The Register: Cyber crooks shut down UK, US schools, thousands of kids affected

Source URL: https://www.theregister.com/2024/09/11/uk_us_school_ransomware/
Source: The Register
Title: Cyber crooks shut down UK, US schools, thousands of kids affected

Feedly Summary: No class: Black Suit ransomware gang boasts of 200GB haul from one raid
Cybercriminals closed some schools in America and Britain this week, preventing kindergarteners in Washington state from attending their first-ever school day and shutting down all internet-based systems for Biggin Hill-area students in England for the next three weeks.…

AI Summary and Description: Yes

**Summary:** The text outlines recent ransomware attacks affecting schools in the US and the UK, leading to significant disruptions in educational services. Cybercriminals exploited vulnerabilities, particularly focusing on institutions with limited IT budgets and resources. The incidents underscore the urgency for improved cyber defense strategies in educational settings.

**Detailed Description:**

The incidents described in the text highlight the increasing frequency and severity of ransomware attacks on educational institutions, affecting students and their families across both America and Britain. Key points include:

– **Victimization of Educational Institutions:**
– Highline Public Schools in Washington and Charles Darwin School in England both faced significant disruptions due to ransomware attacks.
– Highline Public Schools had to cancel activities and classes due to unauthorized activity detected in their systems, prioritizing student safety over normal operations.
– Charles Darwin School confirmed that their IT issues stemmed from a ransomware attack, leading to a three-week shutdown of internet-based systems.

– **Impact and Response:**
– Highline Public Schools’ situation involved third-party infosecurity experts and law enforcement to help isolate systems and restore normal operations.
– In contrast, Charles Darwin School reported potential exposure of sensitive data and is conducting a forensic investigation to understand the breach’s full scope.

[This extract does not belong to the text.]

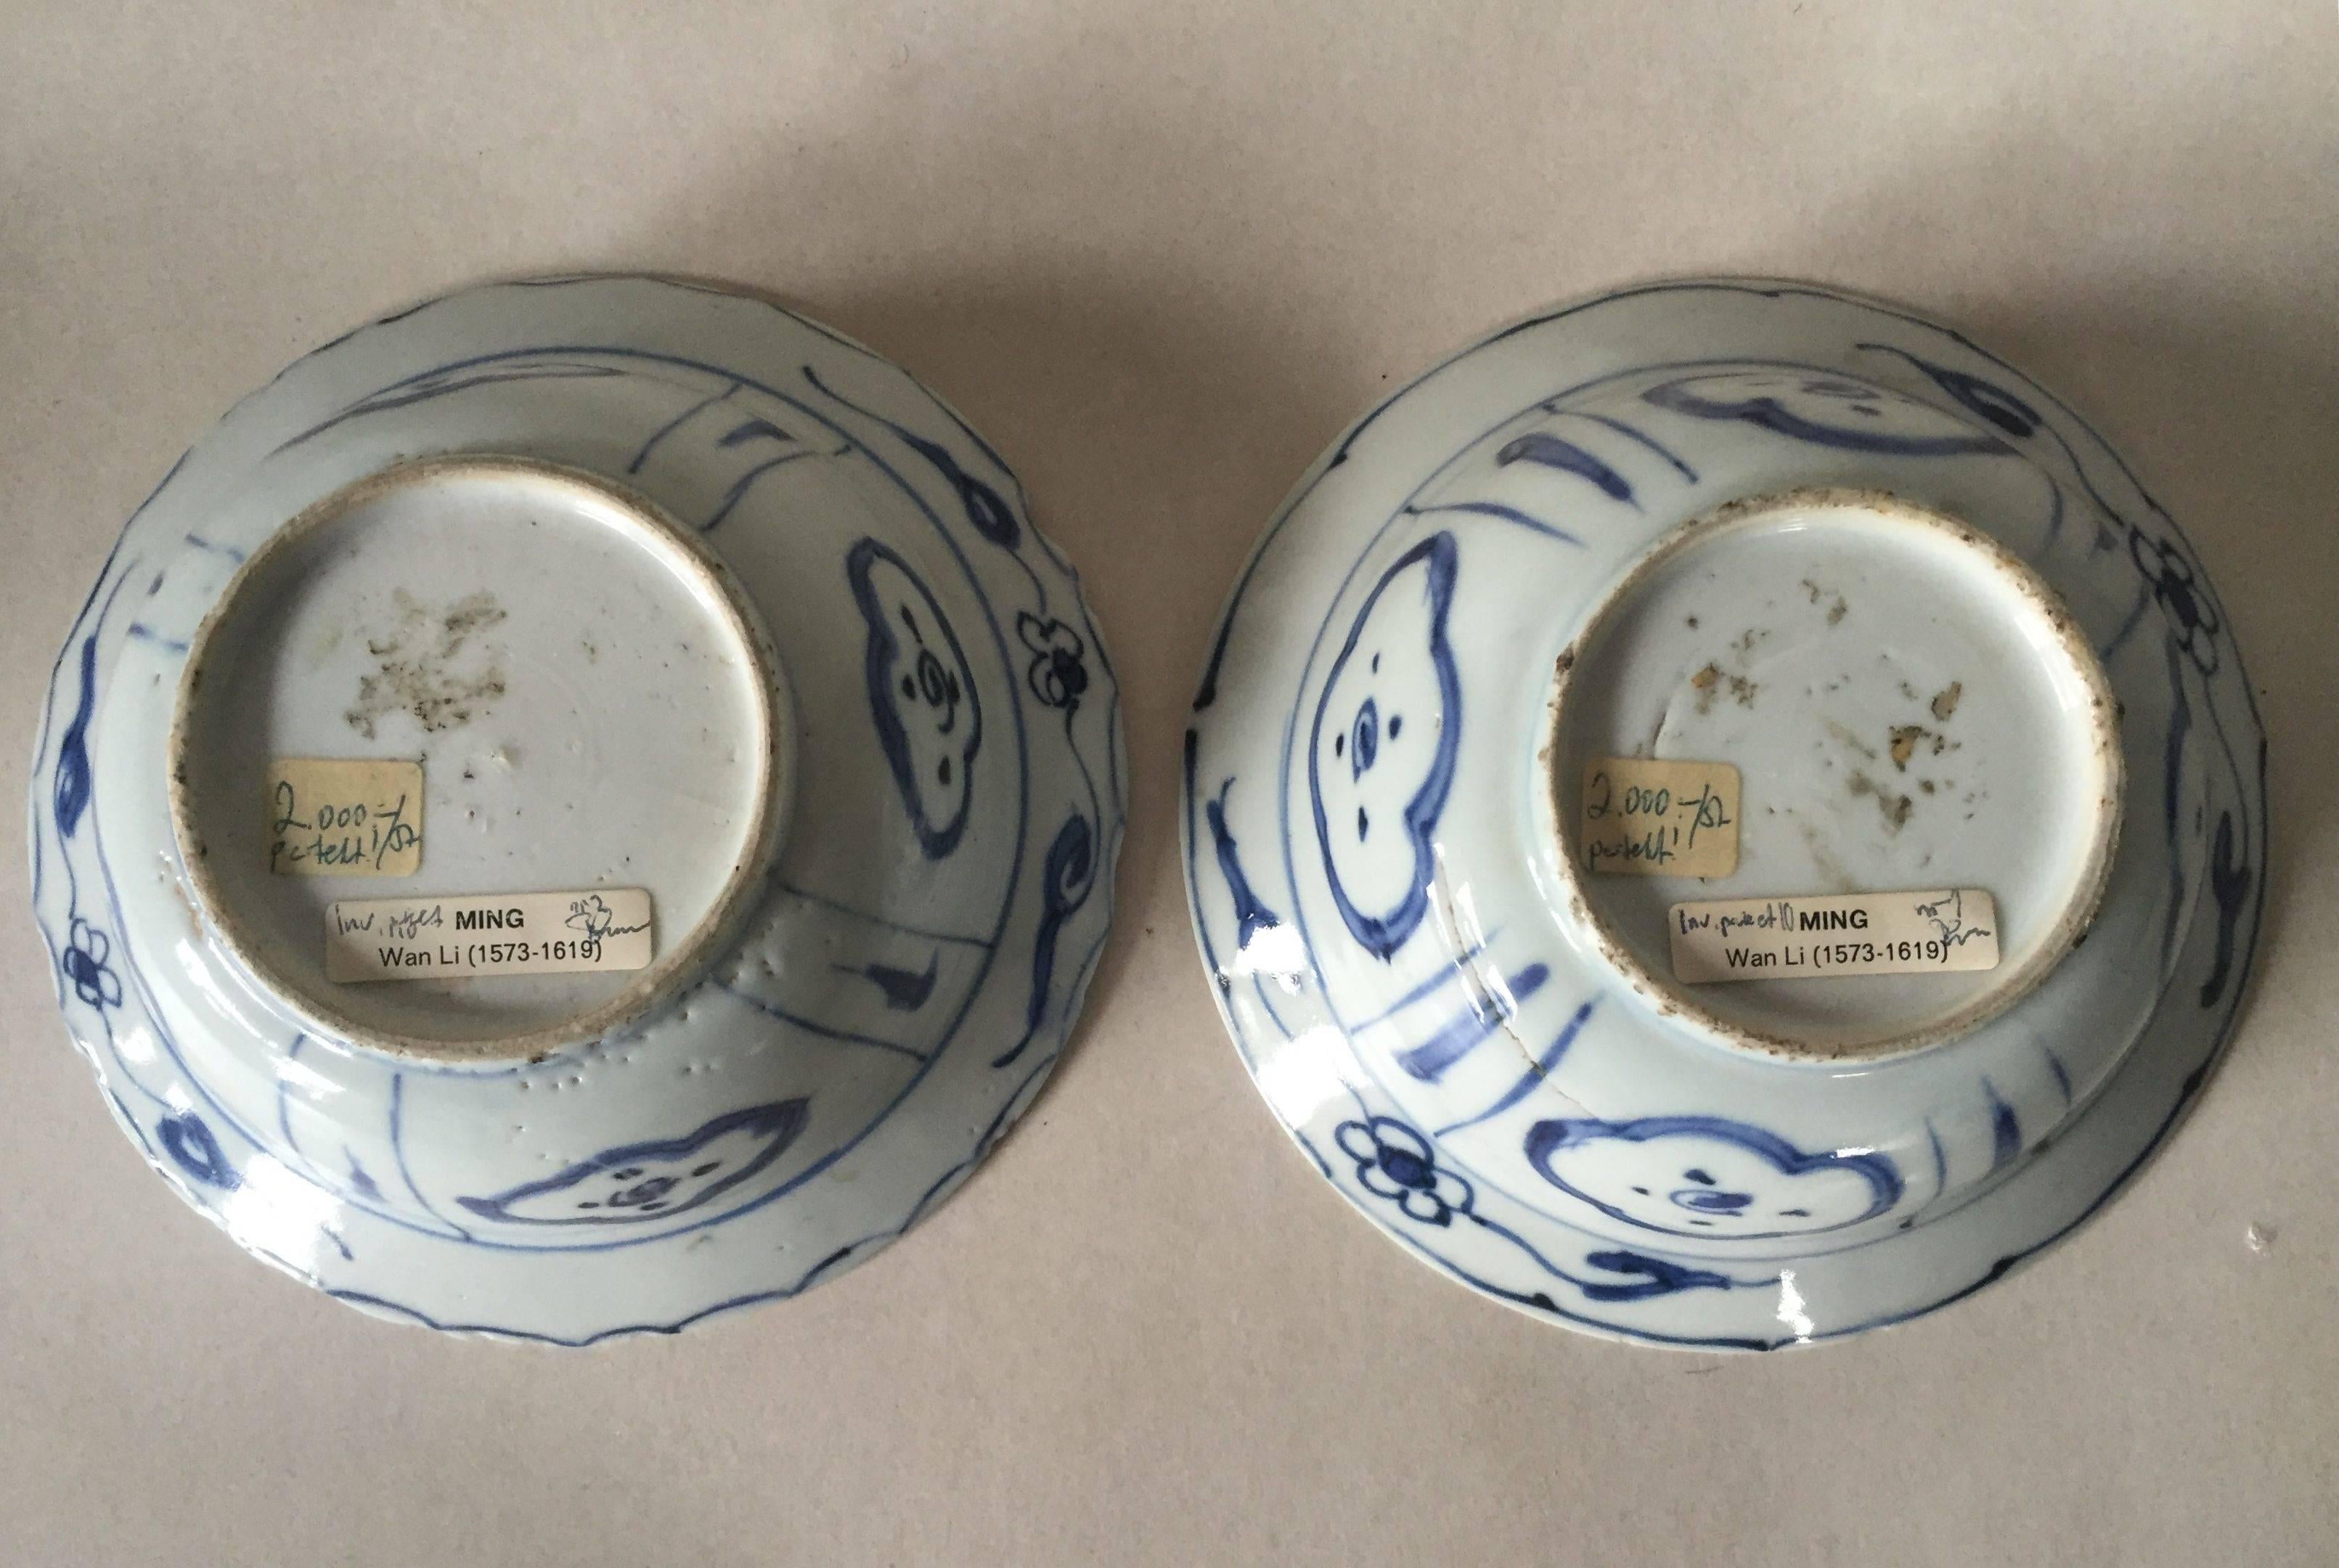 Wanli, 1579-1619 Chinese Klapmuts bowls or Kraak bowls. This is a very beautiful pair in excellent condition without any chips cracks or restorations. There are some firing defects in the glaze, like glazecracks and minor frits to the base.

– **Trends in Cybersecurity Threats:**
– The text notes that 108 K-12 school districts in the U.S. were victims of ransomware attacks in the past year, indicating a broader trend affecting educational institutions.
– The presence of a group called Black Suit, believed to be linked to previous ransomware gangs, further emphasizes the organized nature of these attacks.

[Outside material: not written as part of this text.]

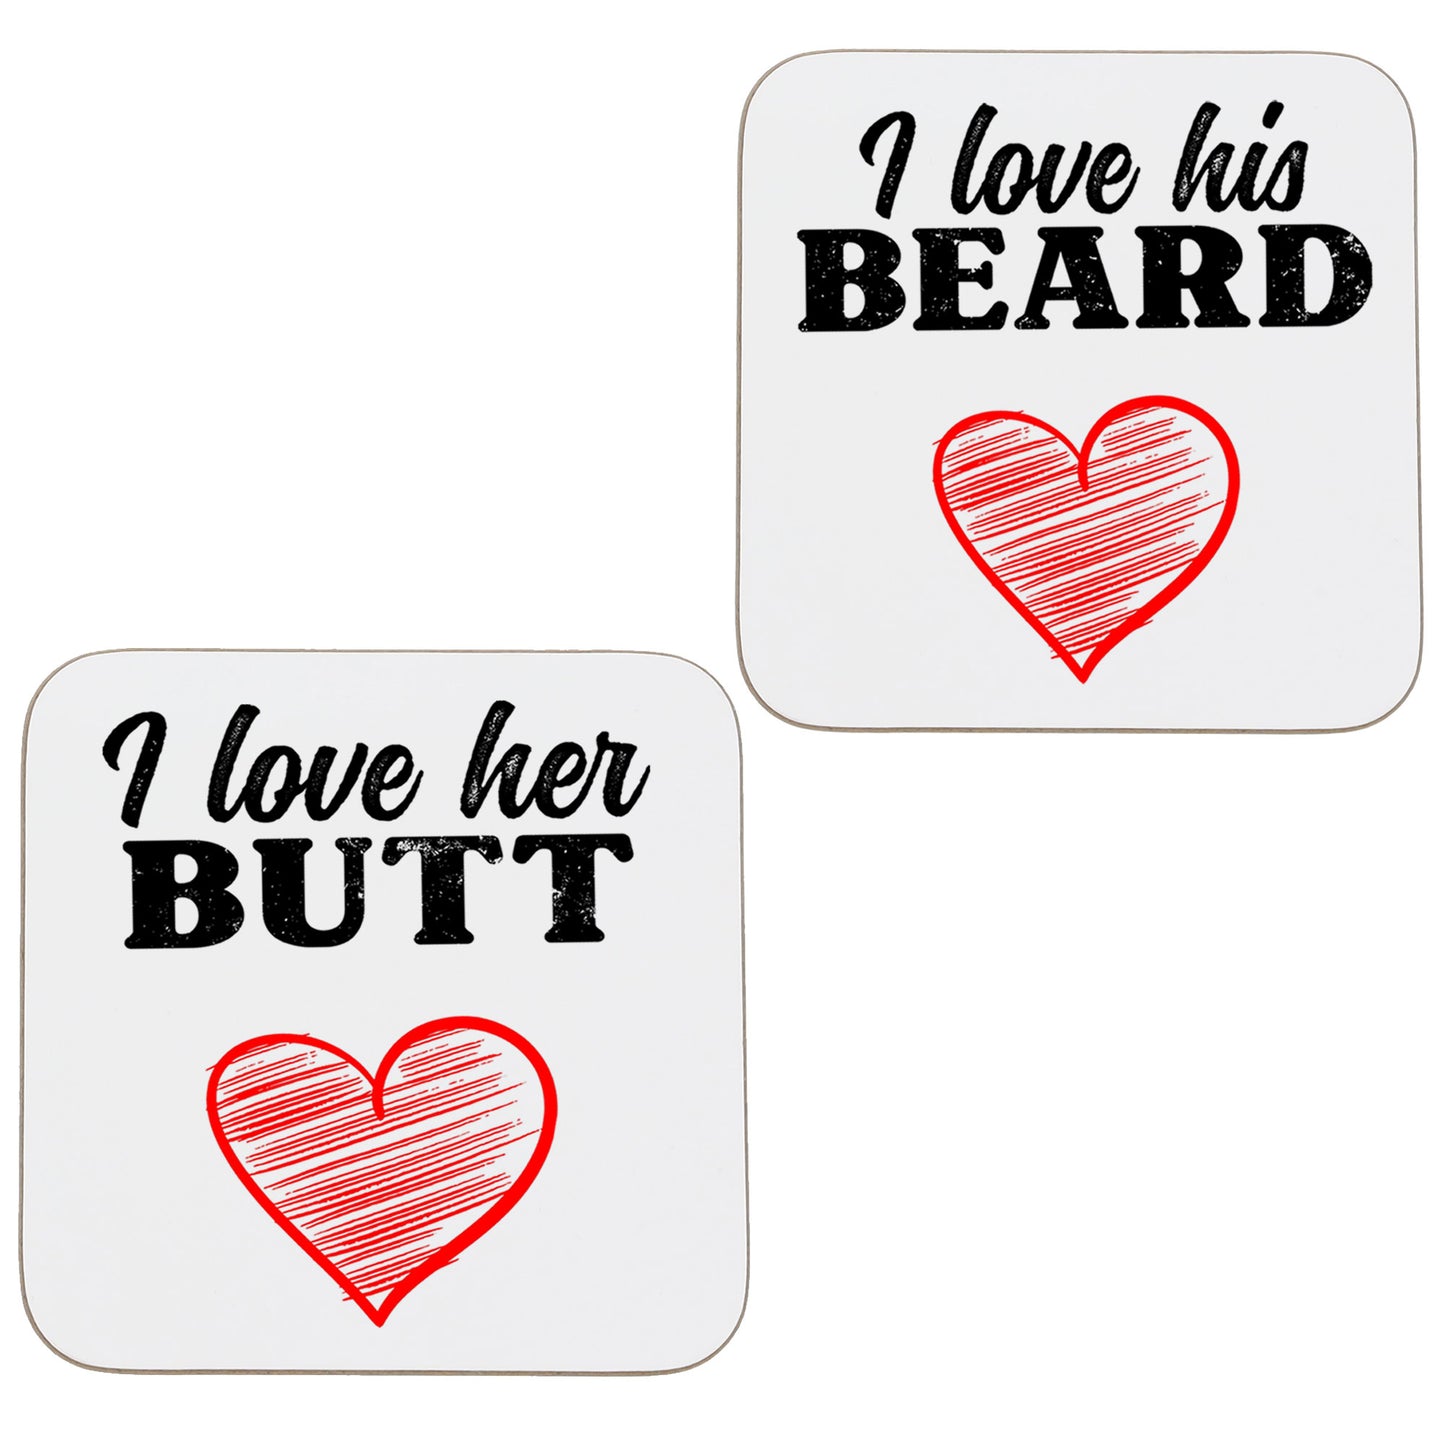 I Love His Beard / Her Butt Mug and/or Coaster Gift  - Always Looking Good - Set Of 2 Coasters Only

– **Vulnerability of Schools:**
– Experts pointed out that schools are particularly vulnerable targets due to smaller IT budgets and fewer resources.
– A survey mentioned in the text revealed that 83% of organizations experienced ransomware attacks, with schools being a significant target.

– **Recommendations for Security Measures:**
– The need for schools to assess their critical services—specifically mentioning Active Directory (AD) vulnerabilities—as these are often single points of failure.
– The advice to work closely with IT providers and develop contingency plans for what to do when critical systems fail demonstrates the practical implications of enhancing security posture in educational environments.

**Implications for Security and Compliance Professionals:**
– Ransomware continues to pose serious risks to educational institutions, which require urgent attention from cybersecurity professionals.
– Implementing robust security frameworks, conducting regular vulnerability assessments, and ensuring that backup systems and recovery plans are in place can mitigate such risks.
– Compliance with regulatory guidelines on data protection in education, such as FERPA in the U.S. and GDPR in the UK, becomes increasingly critical as the threats evolve.